Noble also continues to pursue his career as an artist. His solo work has featured a performance at 2007's Bonkersfest! festival, Kim Noble Will Invest in You at Alma Enterprises, and Considerations for an Island Race at Whitstable Biennial 2008.

In April 2009 at the Soho Theatre, he premiered Kim Noble Will Die, billed as a multi-media suicide note, in which he discussed his mental illness and suicidal impulses at length, noting his plans to throw himself to his death from Waterloo Bridge on 27 May 2009. He performed a version of the same show at the 2009 Edinburgh Festival, where he threatened to jump to his death from Edinburgh's North Bridge. The show gained an unprecedented 6 stars out of 5 in Time Out London, describing Noble as "a genius".

As of March 2013, he remains alive and has an exhibition taking place at Market Gallery, Glasgow.

===You're Not Alone===
He apparently worked undercover for 6 months in B&Q a british hardware store, wearing the same uniform as staff members, without any one knowing. Details of this were recorded and used for a live show. His critically acclaimed show premiered at The Traverse Theatre Edinburgh in August 2014 and was almost cancelled after the first night due to moral and ethical issues with the show. However, it went on to play Soho Theatre for 10 weeks and won a Total Theatre Award in 2014 and was nominated for two Chortle Awards.
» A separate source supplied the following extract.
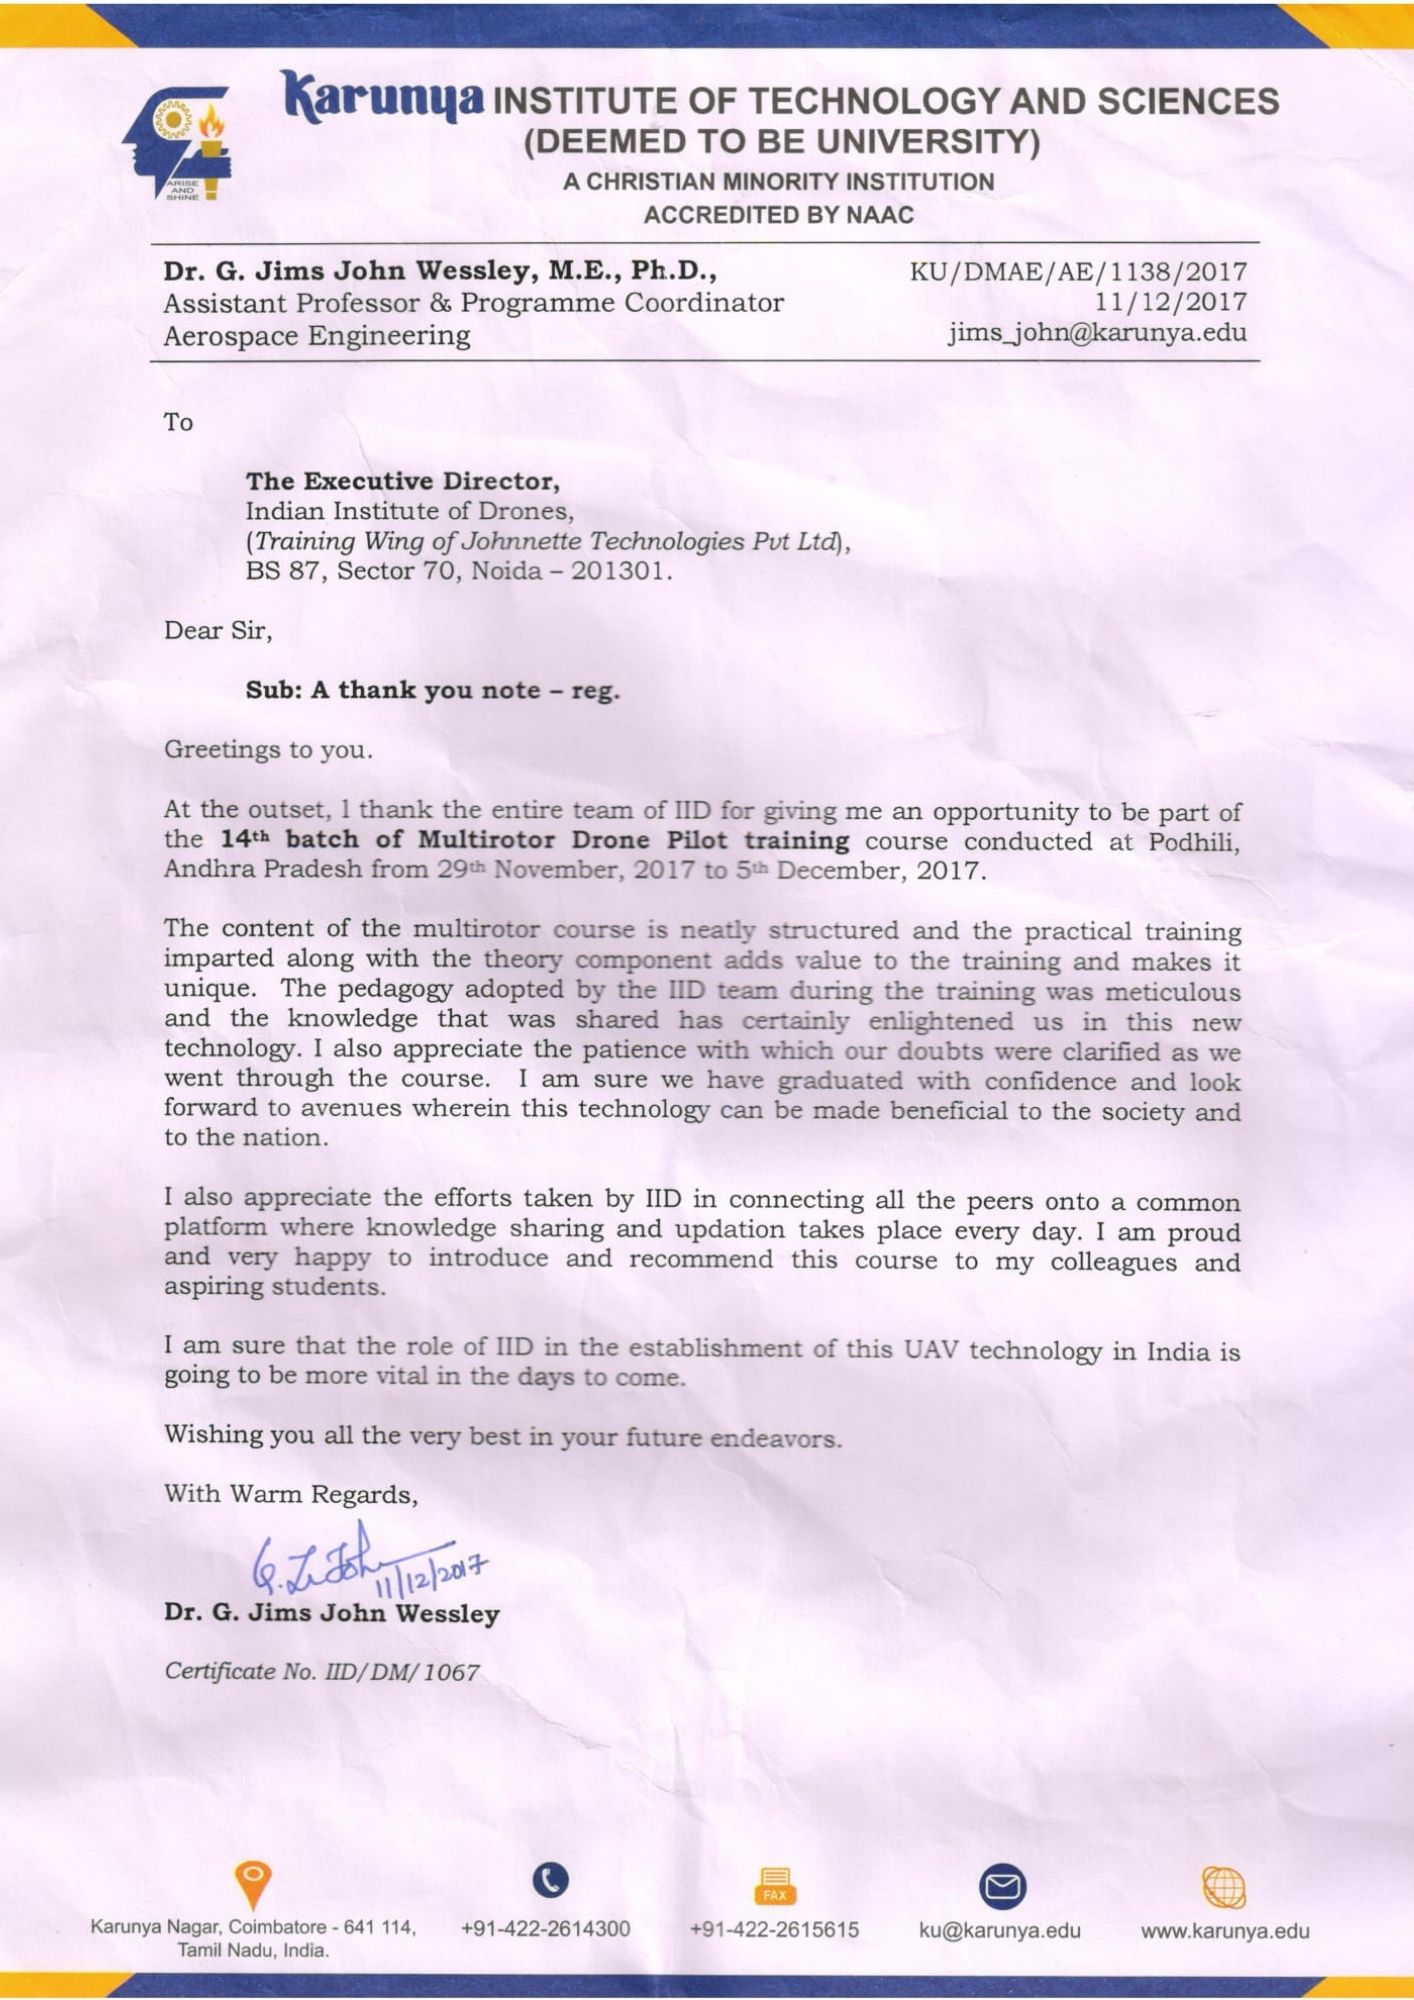 Satisfactory Letter for Drone Training Received from Karunya Institute of Technology and Sciences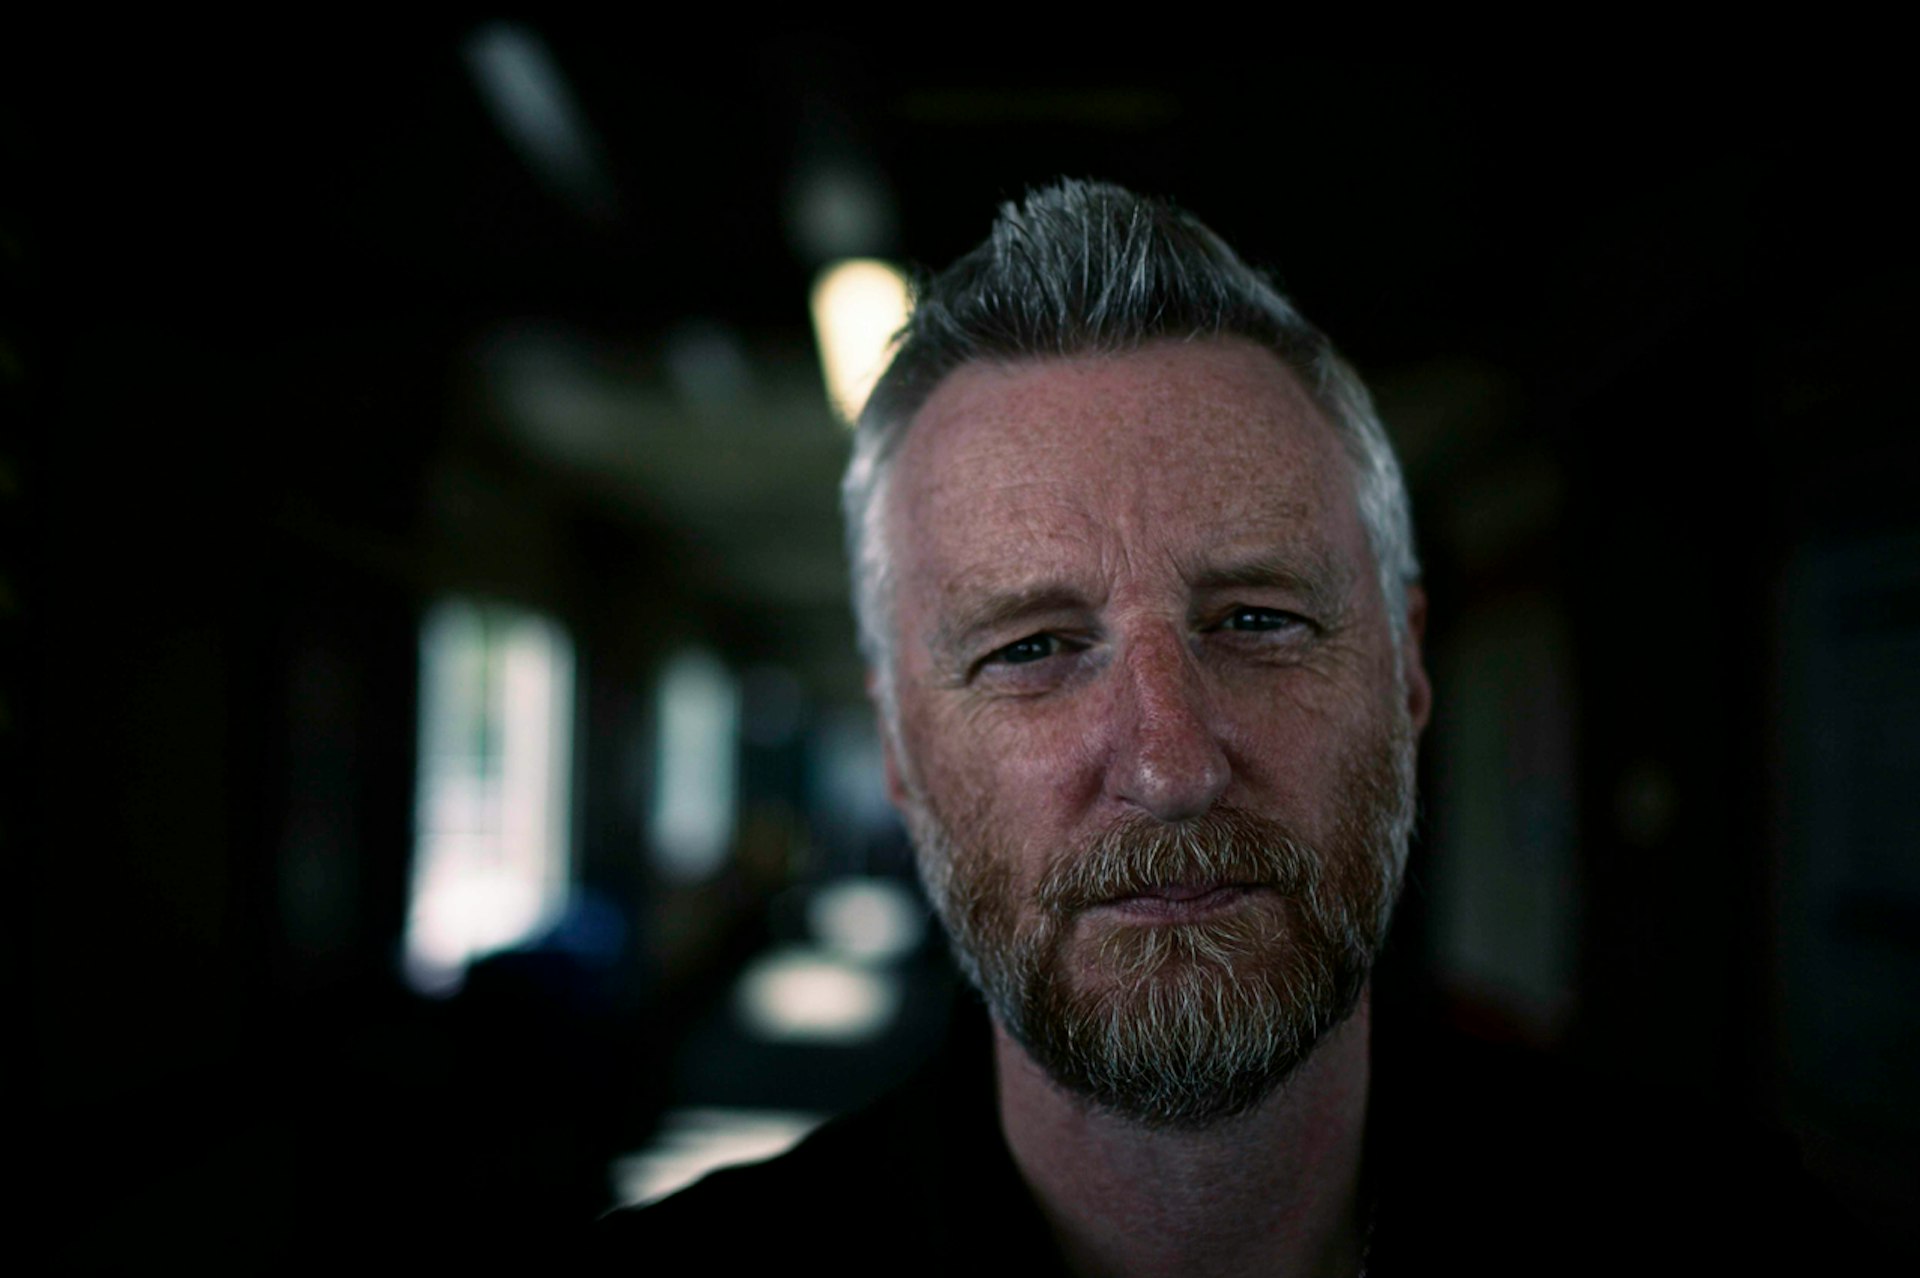 Five things we learnt from Billy Bragg’s Changing Britain talk

===Futile Attempts podcast===
In 2020, Noble released a podcast called Futile Attempts (At Surviving Tomorrow). The podcast is part documentary part comedy part audio soundscape. Described by The Guardian as "bleak, blissed-out game of chicken with the abyss, in 20-minute audio instalments." It was nominated for Best Comedy Award by the Radio Academy Awards.

=== Lullaby For Scavengers ===
Lullaby For Scavengers is billed as the third part of a theatrical trilogy on loneliness and connection. Following the provocative hit shows Kim Noble Will Die and You’re Not Alone. For the show, Noble lived next to a fox den in London and befriended a fox family, recording the results. The show was produced by Belgium-based arts centre CAMPO.

===Other work===
According to his website, a book is in production.